Ediciones El Milagro me envió dos muy diferentes libros de teatro -coeditados con el CNCA- que mucho agradezco. El primero, de su colección Teatro, contiene tres textos de Dario Fo bajo el título general de Muerte accidental de un anarquista que sin duda seducirá a quienes recuerden el montaje universitario de 1983, gran éxito de su director José Luis Cruz y, sobre todo, del actor que interpretó al Loco, Héctor Ortega. Las tres obras del volumen fueron escogidas con singular tino, ya que muestran al Fo decididamente político (La muerte accidental...) al Fo que encara la pasión amorosa en una muy sui generis versión de la historia de Apolo y Dafne (Quien roba un pie es afortunado en amores), sin descuidar las referencias sociales y políticas y el Fo que colabora con su mujer, la actriz Franca Rame, en la escritura de textos, casi siempre monólogos, de una muy clara intención feminista (¡gordura es hermosura!).
Dario Fo es un autor ampliamente conocido en México, uno de los dramaturgos extranjeros que han tentado a directores muy diversos y quizá el mayormente escenificado. La obtención del Nobel de Literatura que se le concedió en 1997, produjo en la mayoría de nosotros gran regocijo, porque se reconocía al último juglar, y pasmo, porque el muy conservador premio se otorgara a un herético hombre de izquierda (aunque ahora, con el Nobel de José Saramago hay razones para sospechar que un fantasma recorre la Academia Sueca). De inmediato llegó la repulsa papal, la indignación de los cultos y la aparición de las infaltables listas de quienes no obtuvieron el galardón. Y a propósito, cabría aludir a las mucho más ominosas listas, que nadie elabora cada año, de quienes sí lo obtuvieron y ya nunca son leídos o tan siquiera recordados.

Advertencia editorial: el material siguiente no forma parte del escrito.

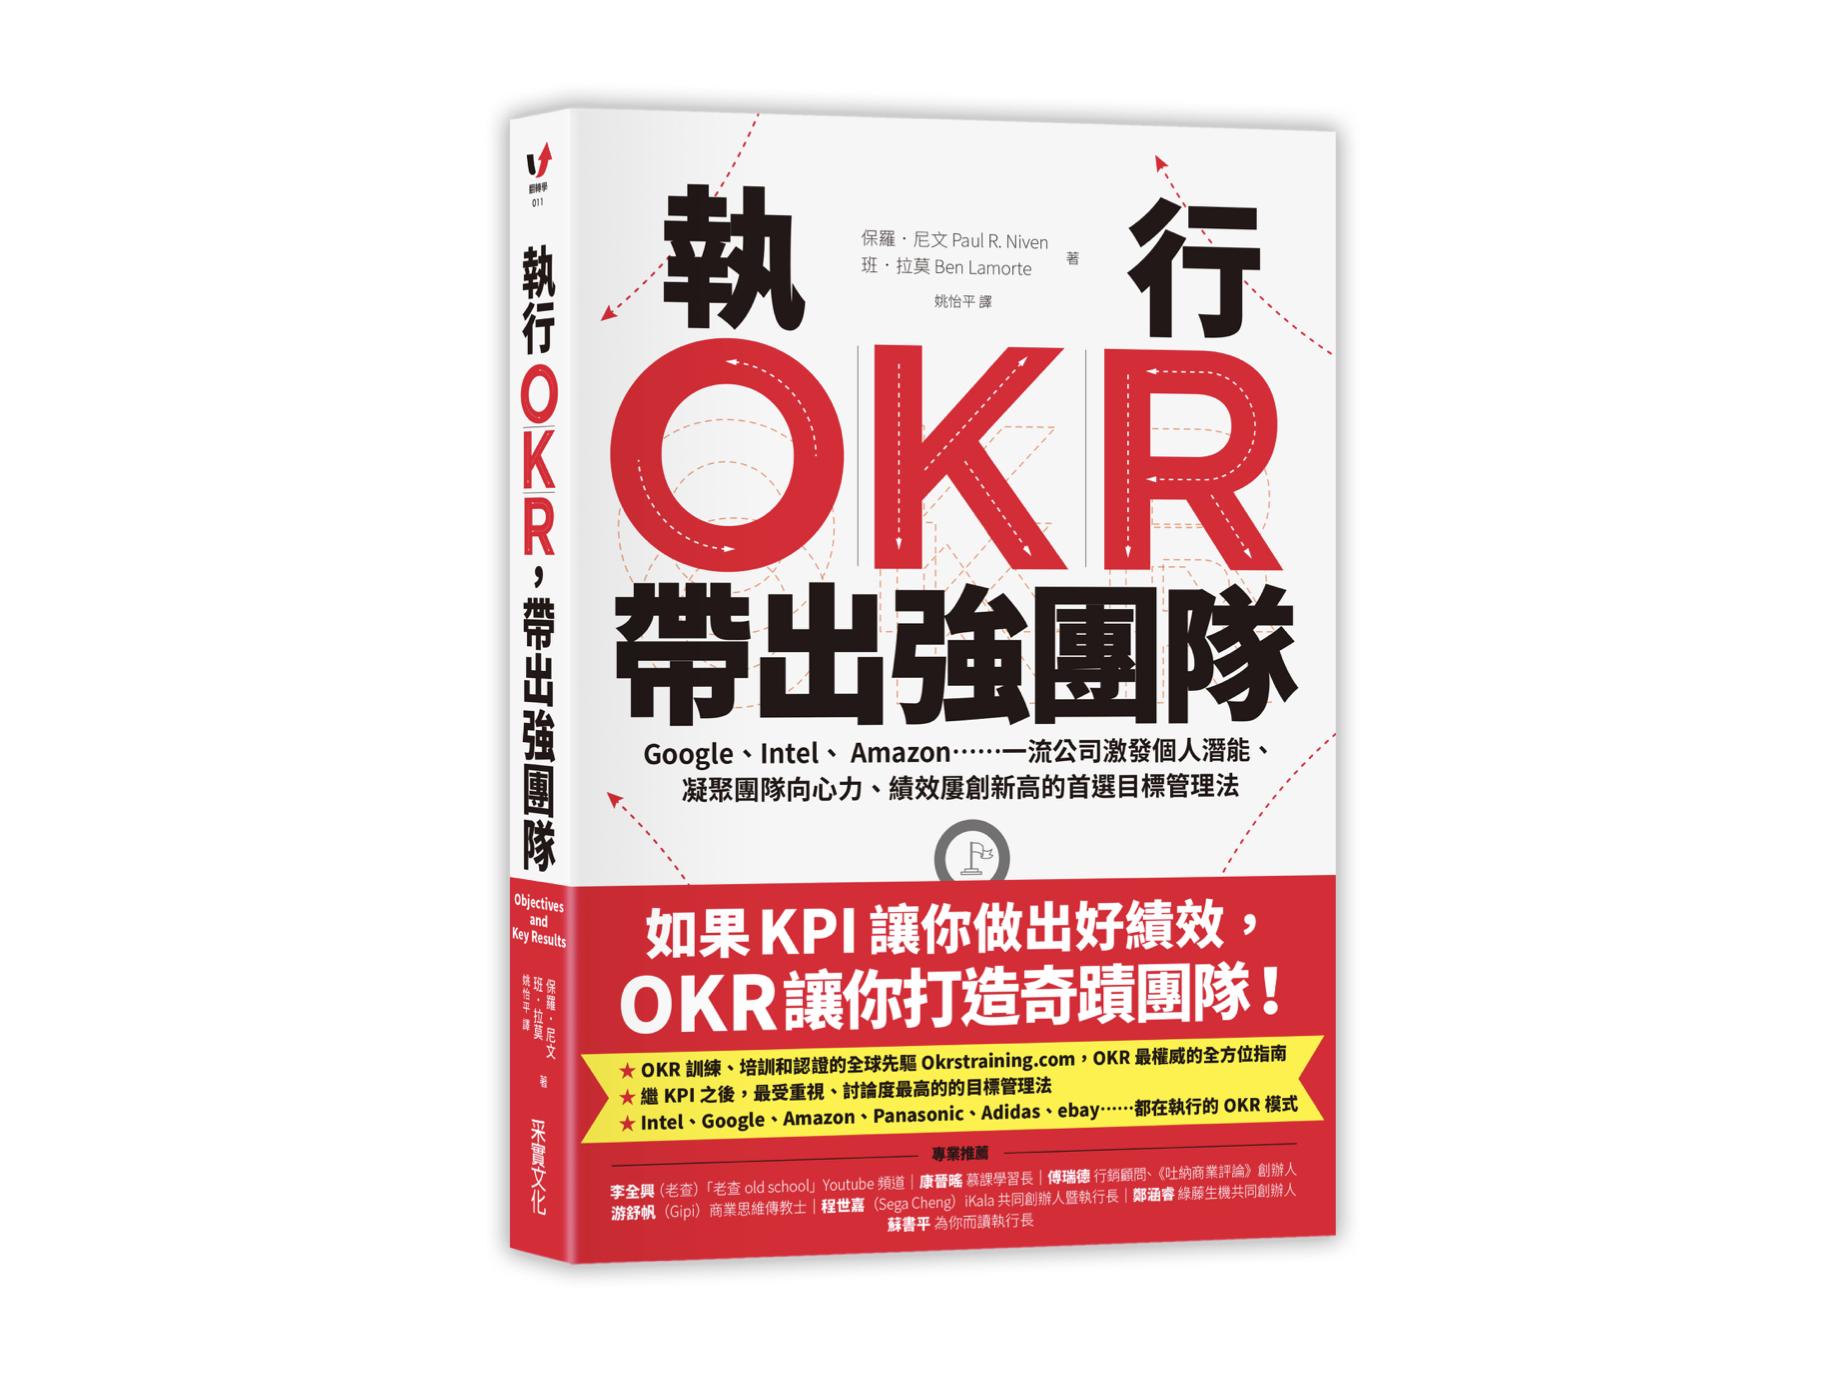 新書搶先看》Google、Intel、 Amazon都在用的「OKR目標管理法」,完整解析

La duda mayor acerca de un premio literario para Dario Fo es, justamente, el uso del lenguaje que tan poco compagina con lo que se entiende como ``literario''. Cuando un texto suyo es representado, poco nos fijamos en ello, porque es un lenguaje traducido, pero sobre todo por su eficacia teatral. No me refiero al grammelot, el lenguaje inventado por los cómicos renacentistas, compuesto de algunas palabras del idioma que se quiere imitar pero sobre todo de disparates dichos con el acento y el ritmo de ese idioma. Me refiero al lenguaje verdaderamente vulgar que cada traductor debe ir adecuando. El traductor de estos textos, Sergio Martínez, emplea mexicanismos que probablemente correspondan al italiano original. Lo único que lamento de su introducción es que no tocara el tema. Y también me molestó el uso que hace de la palabra bambalinas en lugar de bastidores, pero eso siempre me molesta.
El otro libro que El Milagro me envió fue La puerta abierta. Reflexiones sobre la actuación y el teatro, de Peter Brook, dentro de su colección de teoría, El apuntador, en traducción de Gemma Moral Bartolomé y versión de Lucinda Gutiérrez. Brook en este libro usa un seminario dado en París (La astucia del aburrimiento) y dos conferencias pronunciadas en Kyoto (El pez dorado y No hay secretos) y continúa muchas de las tesis contenidas en su famoso libro El espacio vacío. El cuerpo del libro es muy interesante en sí mismo, ya que se trata de uno de los teatristas más importantes de la escena mundial, aunque siempre quede la duda de qué directores principiantes intenten seguir sus pasos, por ejemplo en el caos escénico que pudieron ser los ensayos de La tempestad que detalla en No hay secretos, caos que sólo puede intentar un maestro como él, cuya reputación hace que los actores lo sigan sin titubeos.
Con todo, lo que resalta en esta edición es el prólogo de Héctor Mendoza, en donde el maestro mexicano habla de los puntos que le resultaron sorpresivos del texto del maestro inglés; discute con éste y lo reinterpreta de acuerdo con sus propias teorías. Bueno, casi siempre, porque en algún momento ha de reconocer que ``cada quien tiene su método de matar pulgas''. A los siempre sugerentes textos de Brook -que demuestra su gran creatividad al aprovechar una limitación, como es el de leer escrita una conferencia en lugar de improvisar, para establecer partes de su teoría- se suma ese prólogo-debate, en donde Mendoza expone sus puntos de vista. Es este un pequeño libro en verdad imprescindible para entender muchos de los lineamientos del teatro contemporáneo. Uno de ellos, que no puede soslayarse, es el ``nosotros'' que Brook emplea para referirse al trabajo de puesta en escena -a diferencia de la primera persona singular usada cuando habla de sí mismo- con la que, sin decirlo, da cabal idea de lo que de tarea común tiene el arte teatral, marginados todos los vedetismos.